* _ABOUT THIS TASK_
In the material below, the required lines run from the one containing "Blue Cubes 3" through the one containing "Une entente permettrait". Copy those lines exactly, ends included, and nothing else.

[EXTRACTED RECORDS]

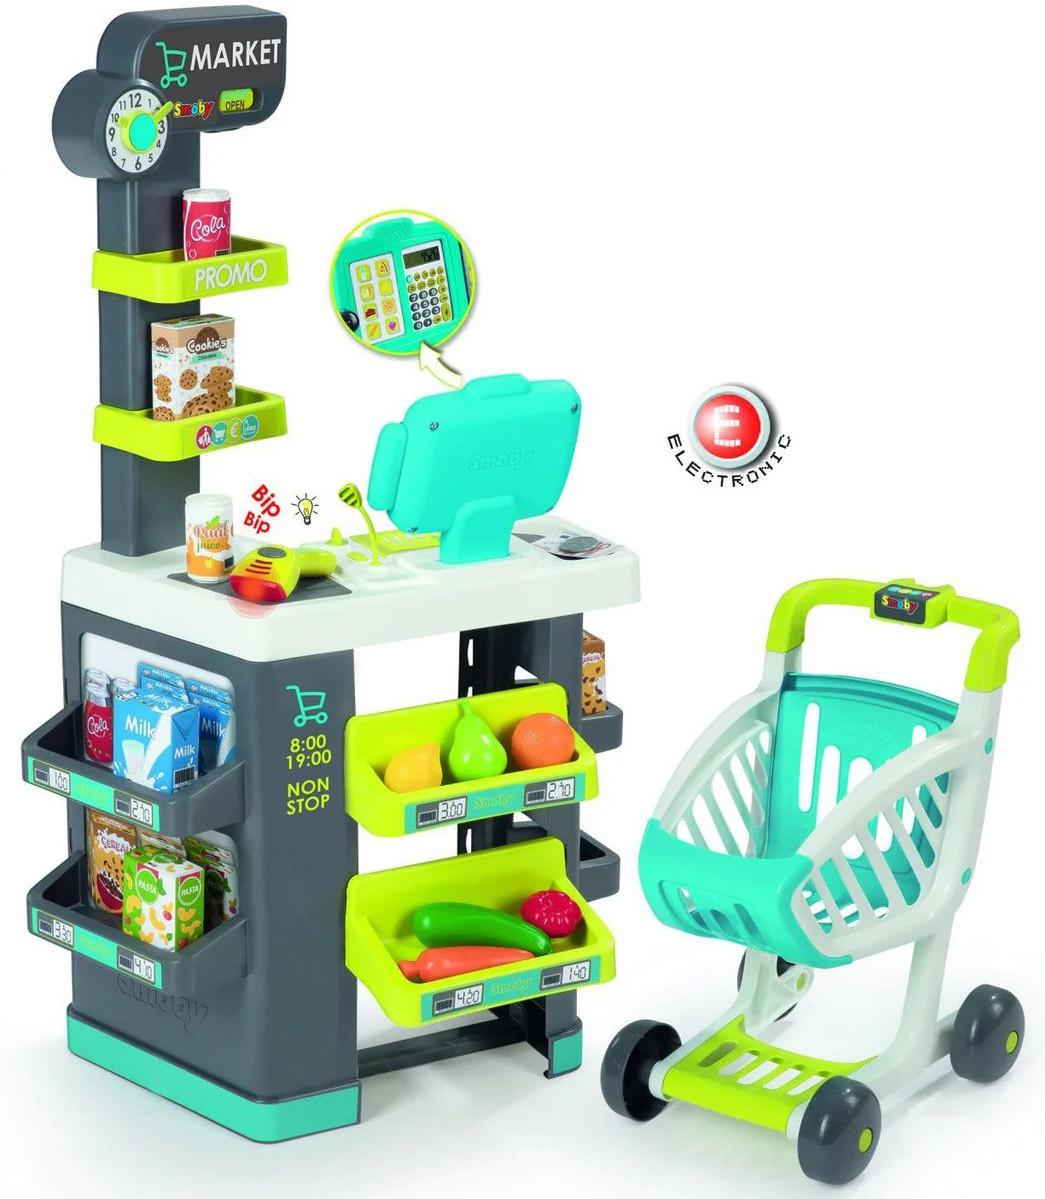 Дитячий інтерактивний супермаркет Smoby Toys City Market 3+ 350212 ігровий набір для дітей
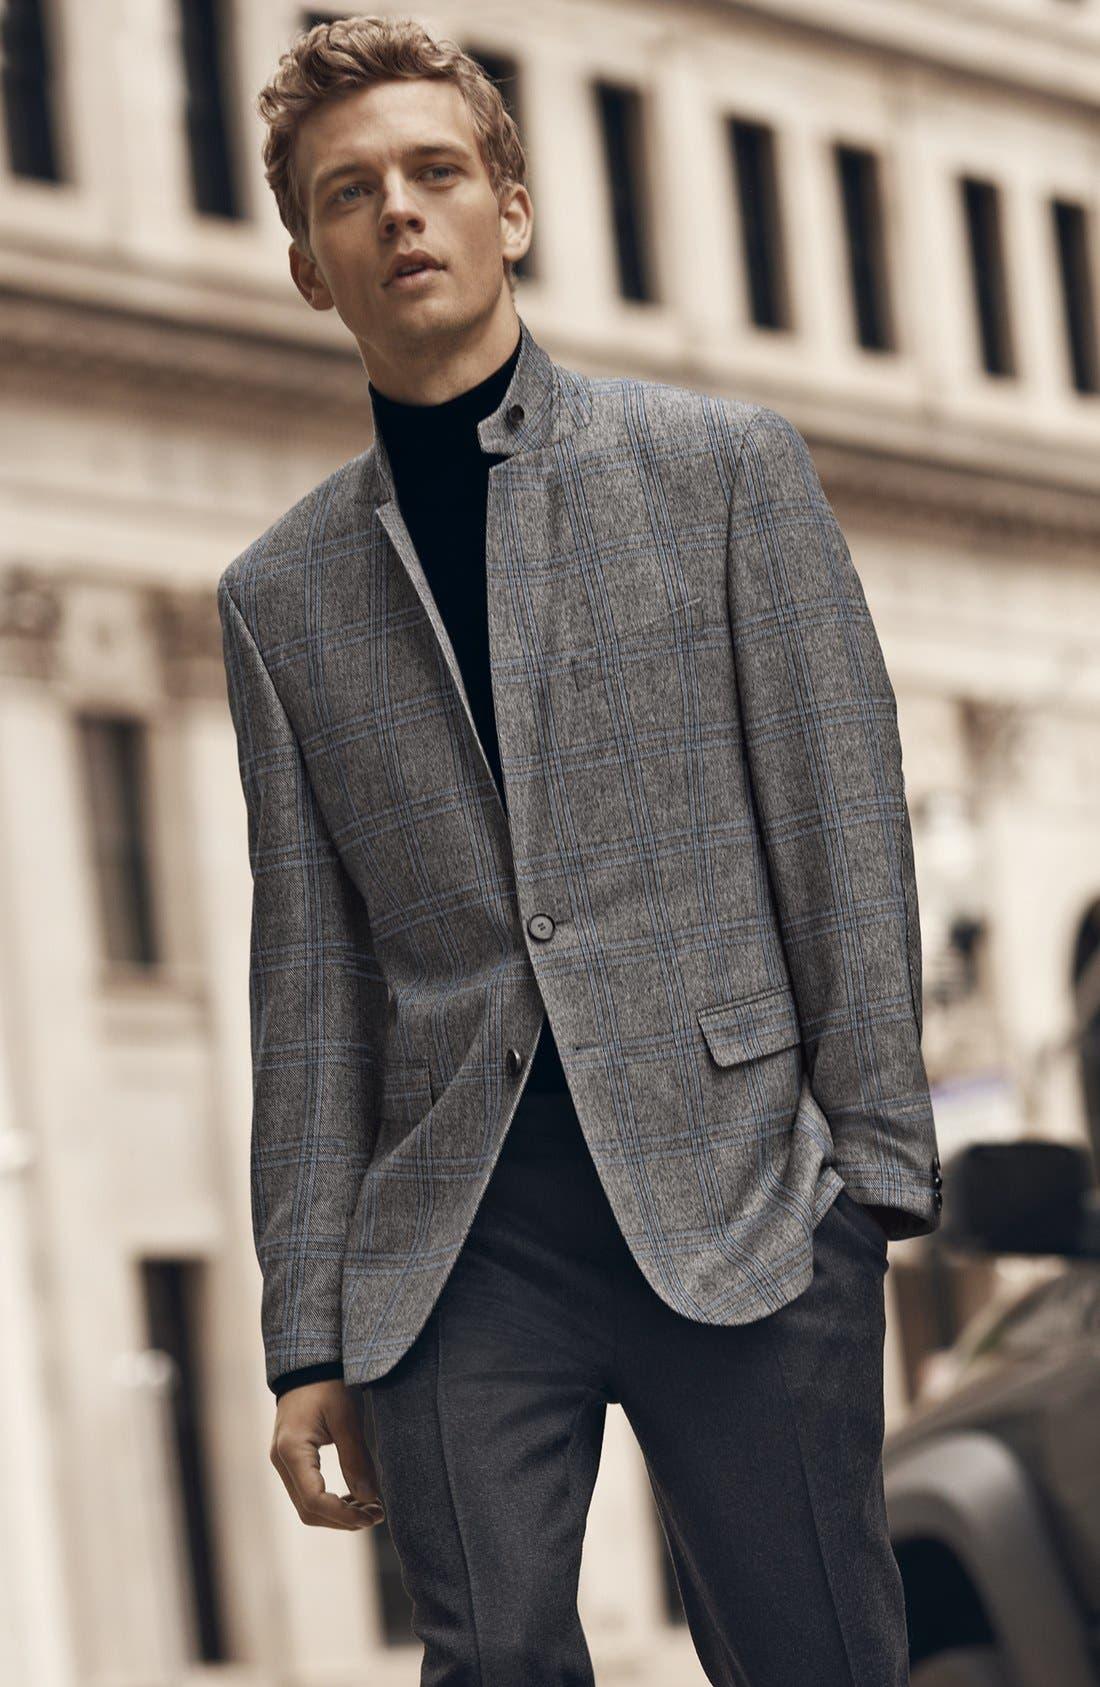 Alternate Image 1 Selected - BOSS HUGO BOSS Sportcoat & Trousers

[/EXTRACTED RECORDS]
[EXTRACTED RECORDS]

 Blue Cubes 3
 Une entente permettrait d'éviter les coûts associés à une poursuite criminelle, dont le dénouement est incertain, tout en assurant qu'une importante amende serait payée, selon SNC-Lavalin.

[/EXTRACTED RECORDS]

* _TASK RESPONSE_
 Blue Cubes 3
 Une entente permettrait d'éviter les coûts associés à une poursuite criminelle, dont le dénouement est incertain, tout en assurant qu'une importante amende serait payée, selon SNC-Lavalin.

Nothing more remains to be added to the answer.